# Cheapest charger on forum



## TEV (Nov 25, 2011)

Those chargers are named "Bad Boy"


----------



## cts_casemod (Aug 23, 2012)

TEV said:


> Those chargers are named "Bad Boy"


I am getting into your idea about the faster charger lol. 
It has been quite reliable, I keep a close supervision to make sure the voltages are okay and there is a 175V zenner set up in a way to burn the fuse if I fall asleep and the voltage goes past 175V.

Hopefully this will be the next thing to automate with current reduction and auto shutdown at a given voltage. I should soon have an amp meter on my batteries for supervision, since the charger is built in.


----------



## PStechPaul (May 1, 2012)

You could use the voltage relay that I designed and described in another thread. Here is the schematic. I can supply PIC source code and BOM upon request. I will be making the PCB soon and you are welcome to use the Gerber files or I could send you a board and a kit of parts but you can build it on a small perf board as I did for the prototype.


----------



## cts_casemod (Aug 23, 2012)

PStechPaul said:


> You could use the voltage relay that I designed and described in another thread. Here is the schematic. I can supply PIC source code and BOM upon request. I will be making the PCB soon and you are welcome to use the Gerber files or I could send you a board and a kit of parts but you can build it on a small perf board as I did for the prototype.


Thanks Paul,

I did something similar using analogue electronics with some old parts I had arround.

The charger output power was doubled to 800Watt (5Amps @ 160V) and I have added a 250Watt low charge setting to charge overnight. With the fast charge I can now charge a dead battery in 4 hours, usually it takes half.

I use a Class V efficiency power supply from a netbook modified to output 12V to power the electronics from the battery. Its a bit overkill but smaller adaptors would use twice as much energy due to low efficiency, providing power for the voltmeter, ampmeter and energy logger I will install. Just this circuit draws 9mA from the pack, I expect, with the remaining instruments, to use about 20mA. They can be disabled, but the idea is to be on at all times.






































The circuit is based on a LM393 dual comparator.

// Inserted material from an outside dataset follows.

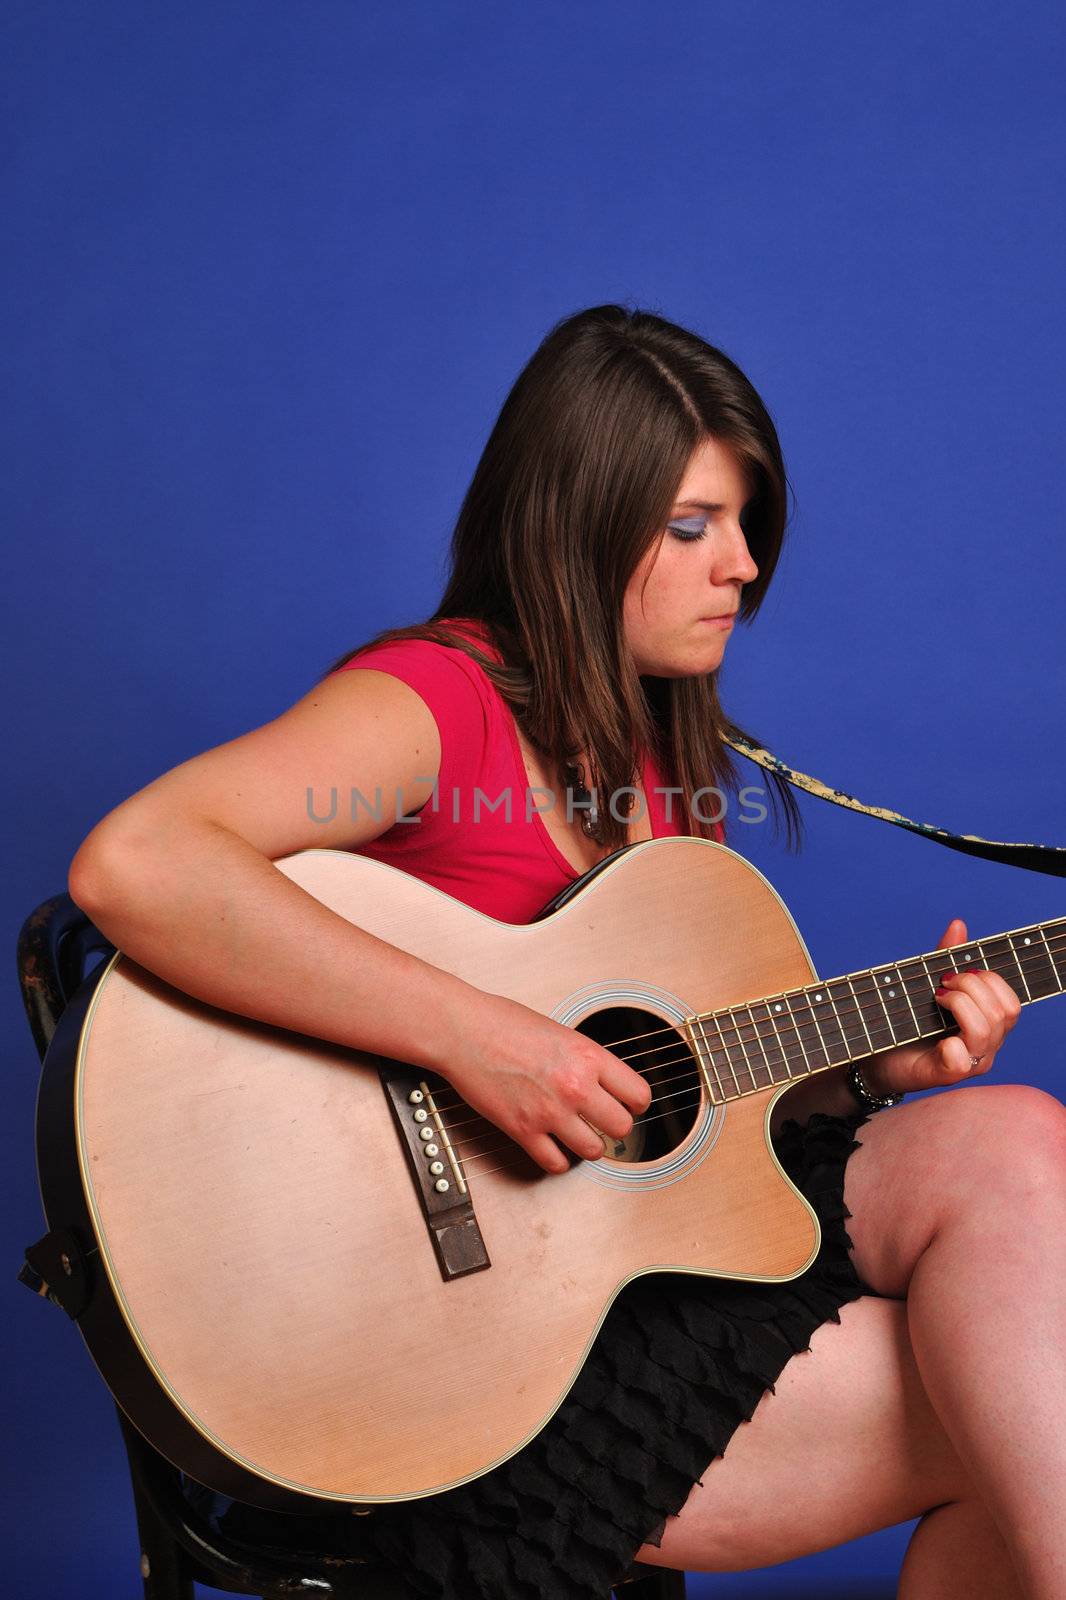 pretty girl in skirt sitting playing guitar
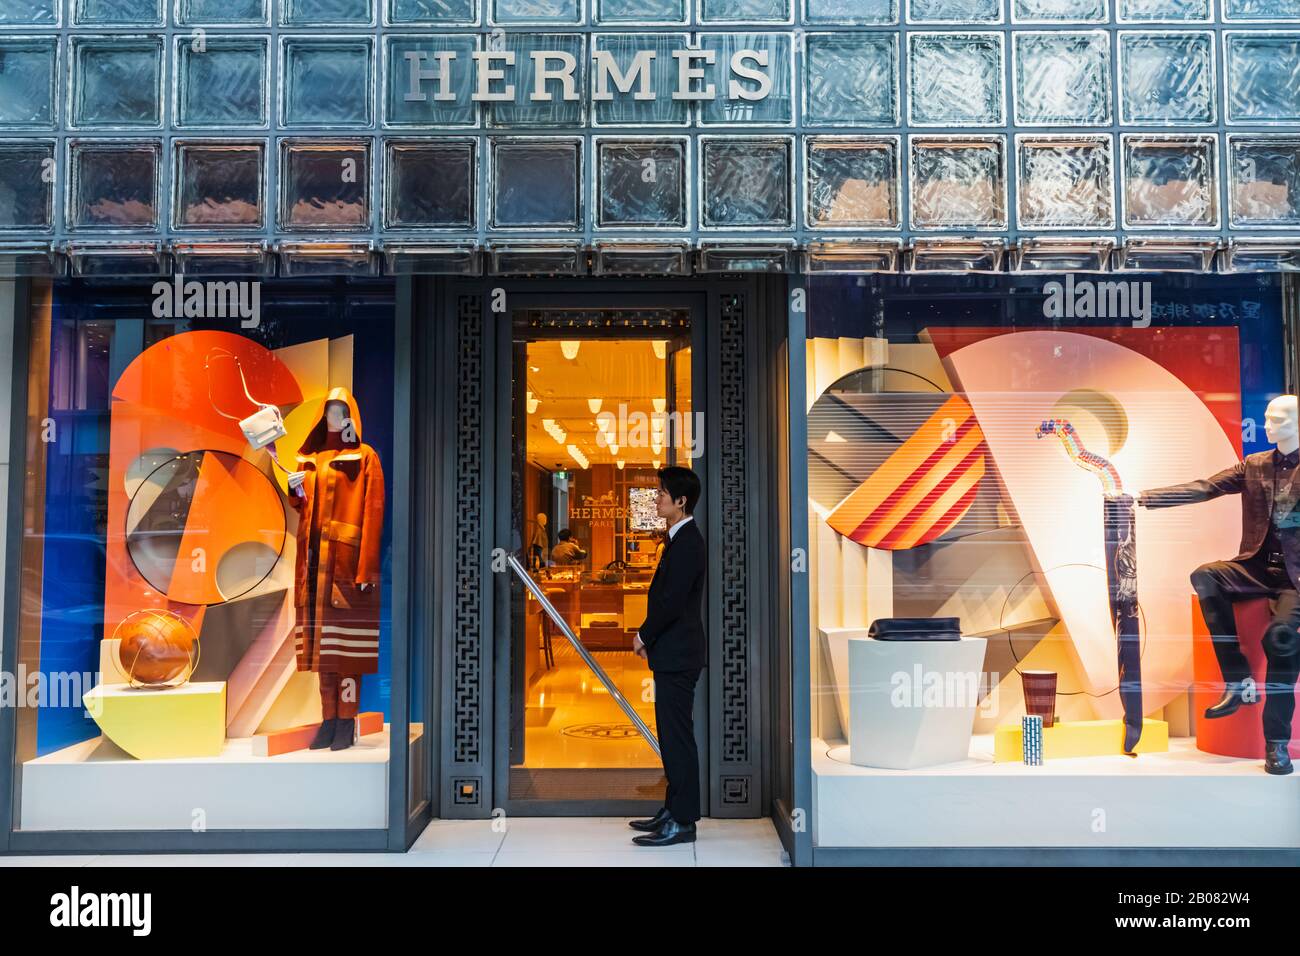 Japan, Honshu, Tokyo, Ginza, Hermes Store Window Display and

First comparator reads battery voltages and disables the charger relay once the pack reaches 165V. The charge is resumed if the battery goes below 161V. This can be changed with one resistor for batteries that have a higher voltage sag.

Second comparator is an alarm, set to 167V in case someting fails.
A 0.1R resistor limits AC inrush current from the capacitors to avoid burning the relay contacts. At 5Amps dissipates 2.5Watt.

A 10 to 100Ohm resistor acts as a protection between HV and LV grounds needed to be able to power the circuit from a low source PS.

The optocouplers were used as I did not had any PNP transitors at hand.

So now I just set charge rate (Fast or slow) and wait for the charge to complete.


----------



## PStechPaul (May 1, 2012)

Looks pretty good. Another idea may be to use some zeners in series with the input of a $0.50 opto-triac, so the circuit will draw essentially zero current until the zeners conduct, and then 3 mA will be enough to trigger the triac and turn off the charger. You would have to add hysteresis so the charger won't cycle off and on, but this can be done with a latch circuit on the AC side, so you need to push a button to latch ON and then the monitor turns it off when charging is complete. 

Cost of this system, about $5.


----------



## DDDvvv (Apr 2, 2012)

About the 500w server power supply, I thought about replacing the voltage divider and current limit resistors with a pair of digital pots, and then controlling them with a microcontroller.

That is, if you can code a micro, and tolerate the 256 positions on the digital pots.


----------



## Siwastaja (Aug 1, 2012)

DDDvvv said:


> About the 500w server power supply, I thought about replacing the voltage divider and current limit resistors with a pair of digital pots, and then controlling them with a microcontroller.
> 
> That is, if you can code a micro, and tolerate the 256 positions on the digital pots.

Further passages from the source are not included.